I waited patiently for her to begin.
She said “Ach! Andrei Andreiech!” several times more and then began. She spoke in marks of exclamation.
“I suppose you know, Andrei Andreiech, that I am not Nikolai Vasilievich’s … legal wife?”
“I know,” I said.
“How did you know?” she turned on me.
“I suspected it.”
She paused.
“Well, now that you actually know so much, I feel that I must tell you everything, if only in fairness to myself. But don’t tell the children. They would be shocked if they knew that I had told you.”
“No,” said I.
“Ach! Andrei Andreiech, you know. … You know. …” She suddenly plunged into her native German, the foreign Russian tongue being inadequate to express her overflowing feelings, but now and then, quite unintentionally, she would employ some Russian word that came handy to her, that in her excitement she could not be bothered to translate as she proceeded to unload her feelings—an urgency too long deferred.

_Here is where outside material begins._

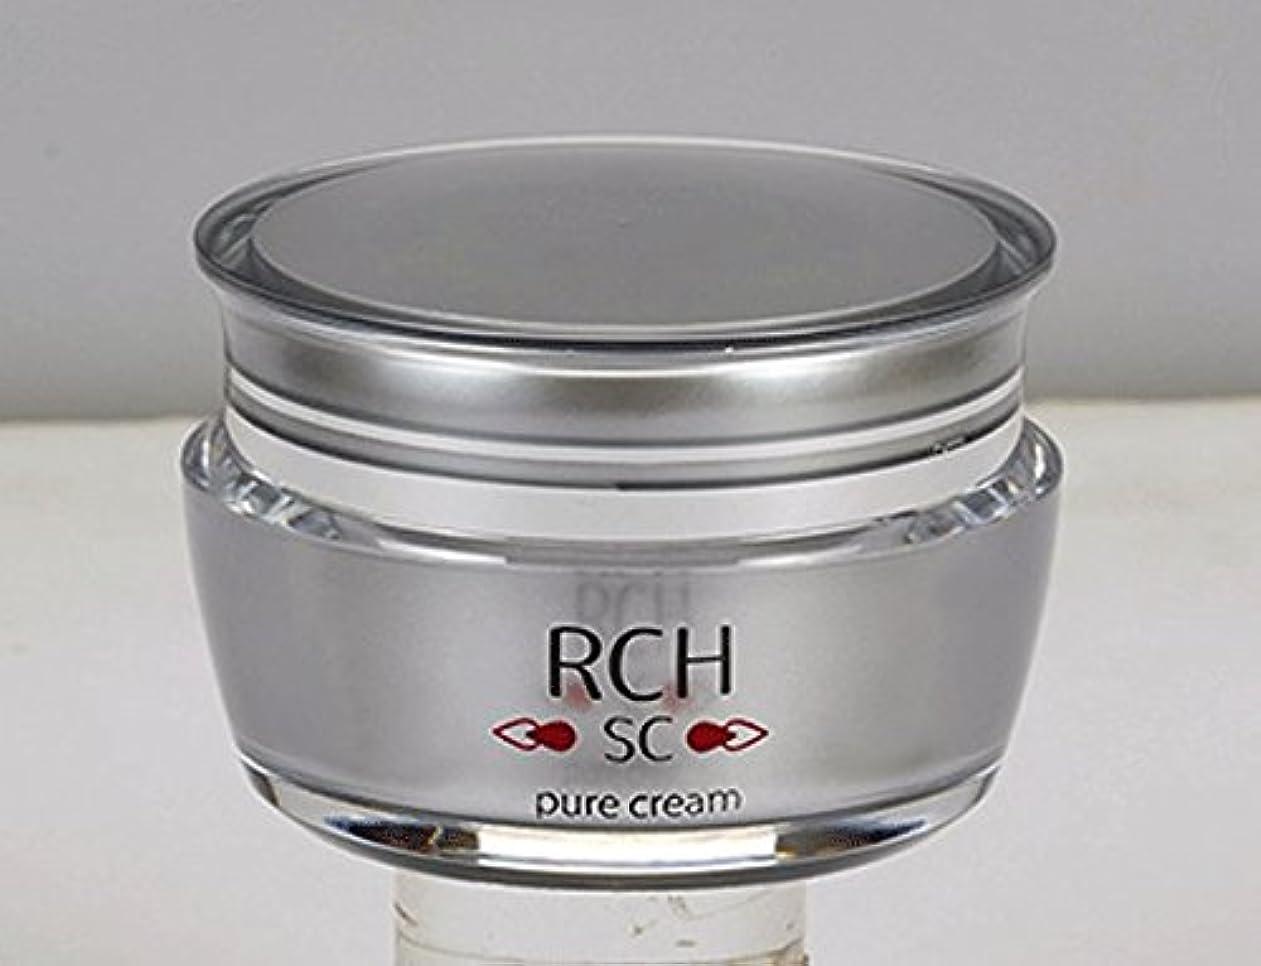 塗抹苛性ましいRCH SC ピュアクリーム ヒト脂肪細胞培養液配合クリーム

“Andrei Andreiech!” she said again and again in a kind of appeal to my sense of justice. “Sie sollen wissen that I met Nikolai Vasilievich in Switzerland, in Basel, when he was there on a cure, after he had separated from his wife. He was very handsome. He is still very handsome, ach! much too handsome. You would not think that he was fifty-three. … Ach! Andrei Andreiech, I have so much, so very much to tell you that I don’t really know where to begin. …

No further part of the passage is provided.